* _INFORMATION SHOWN_
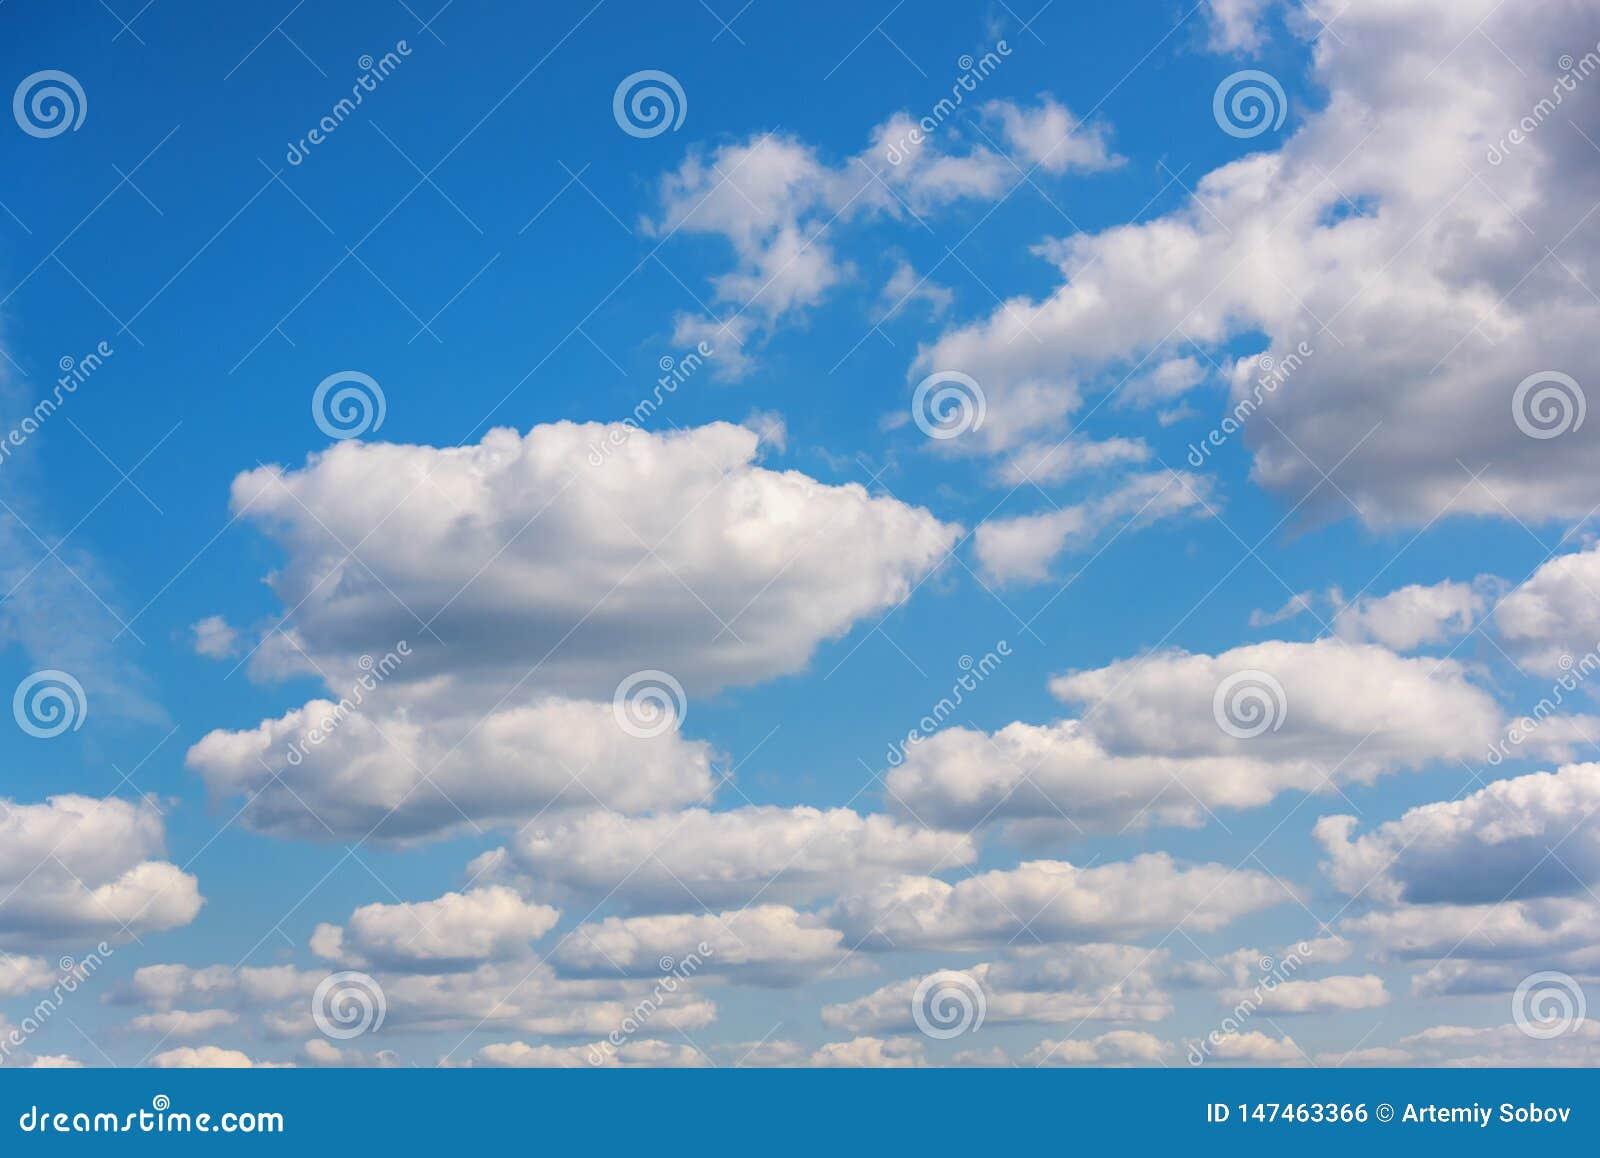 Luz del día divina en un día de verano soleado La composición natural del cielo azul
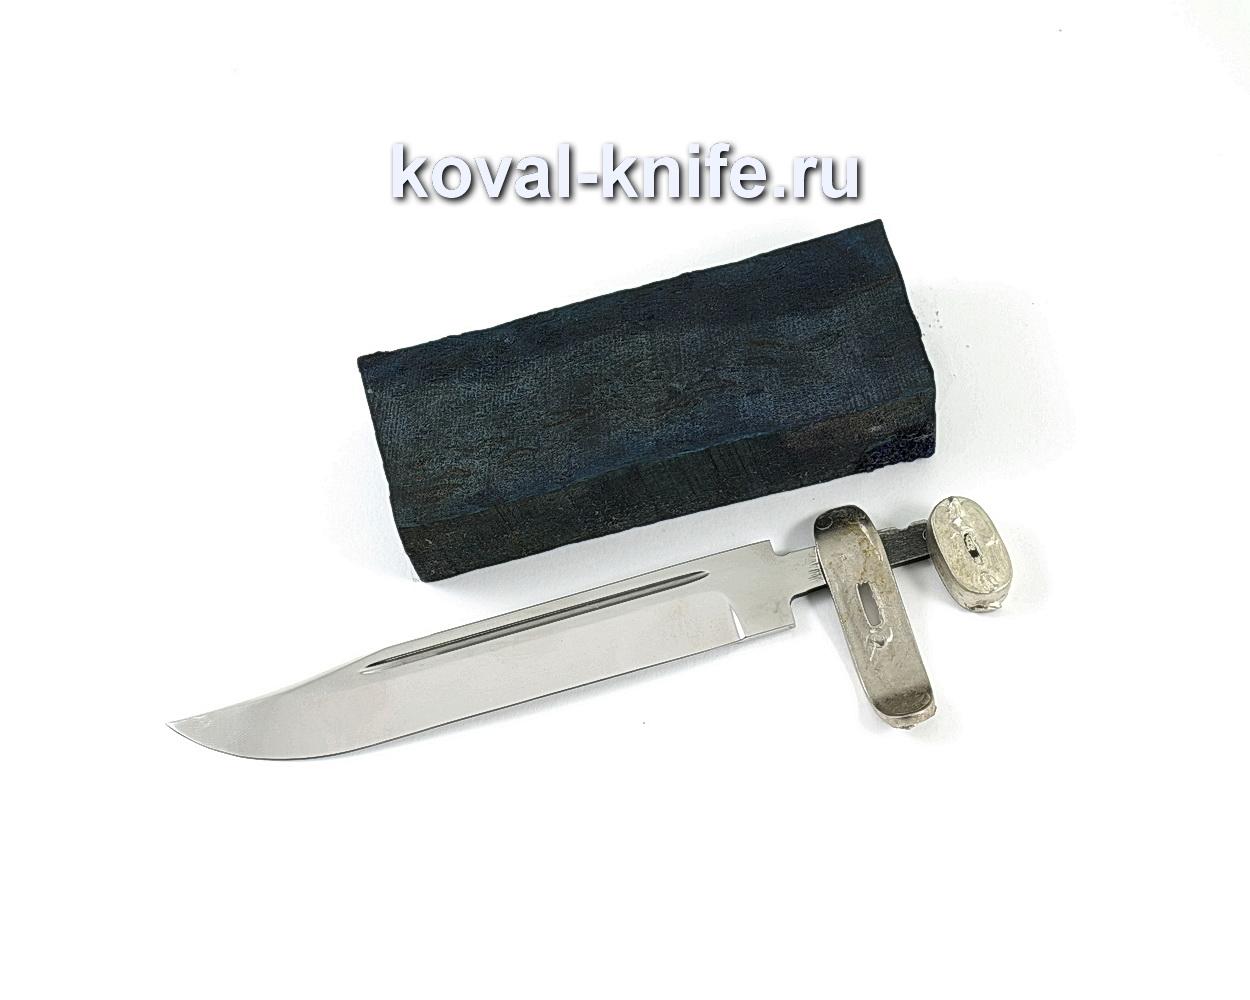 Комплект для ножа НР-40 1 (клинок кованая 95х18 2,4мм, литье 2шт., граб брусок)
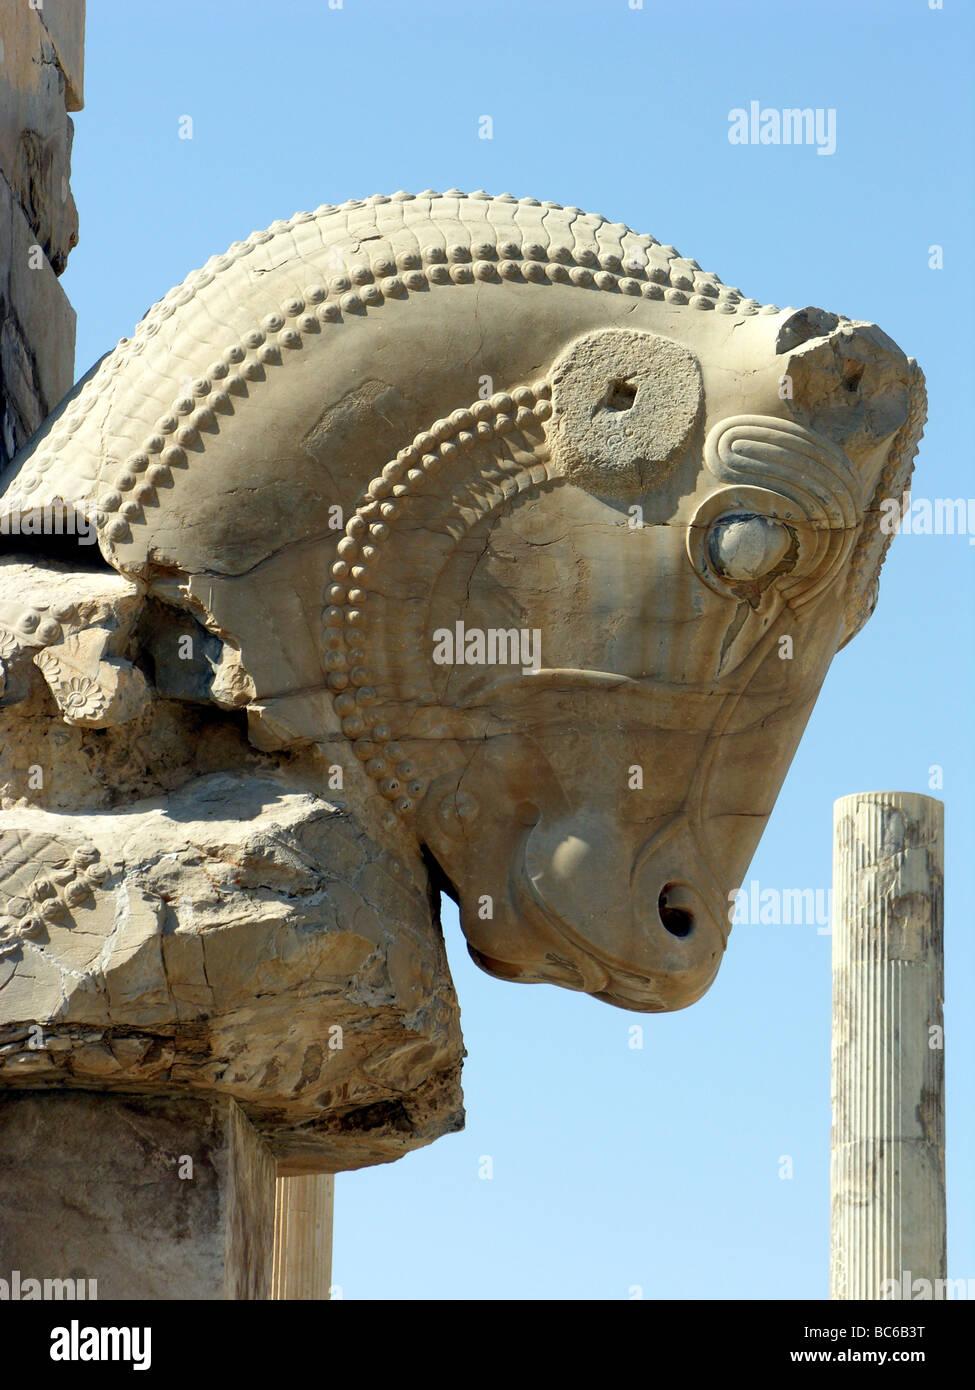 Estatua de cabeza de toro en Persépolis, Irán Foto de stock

* _WHAT THE TASK ASKS_
Since pictures are not part of the copy, set down only the remaining data exactly.

* _ANSWER BOX_
 Luz del día divina en un día de verano soleado La composición natural del cielo azul
 Комплект для ножа НР-40 1 (клинок кованая 95х18 2,4мм, литье 2шт., граб брусок)
 Estatua de cabeza de toro en Persépolis, Irán Foto de stock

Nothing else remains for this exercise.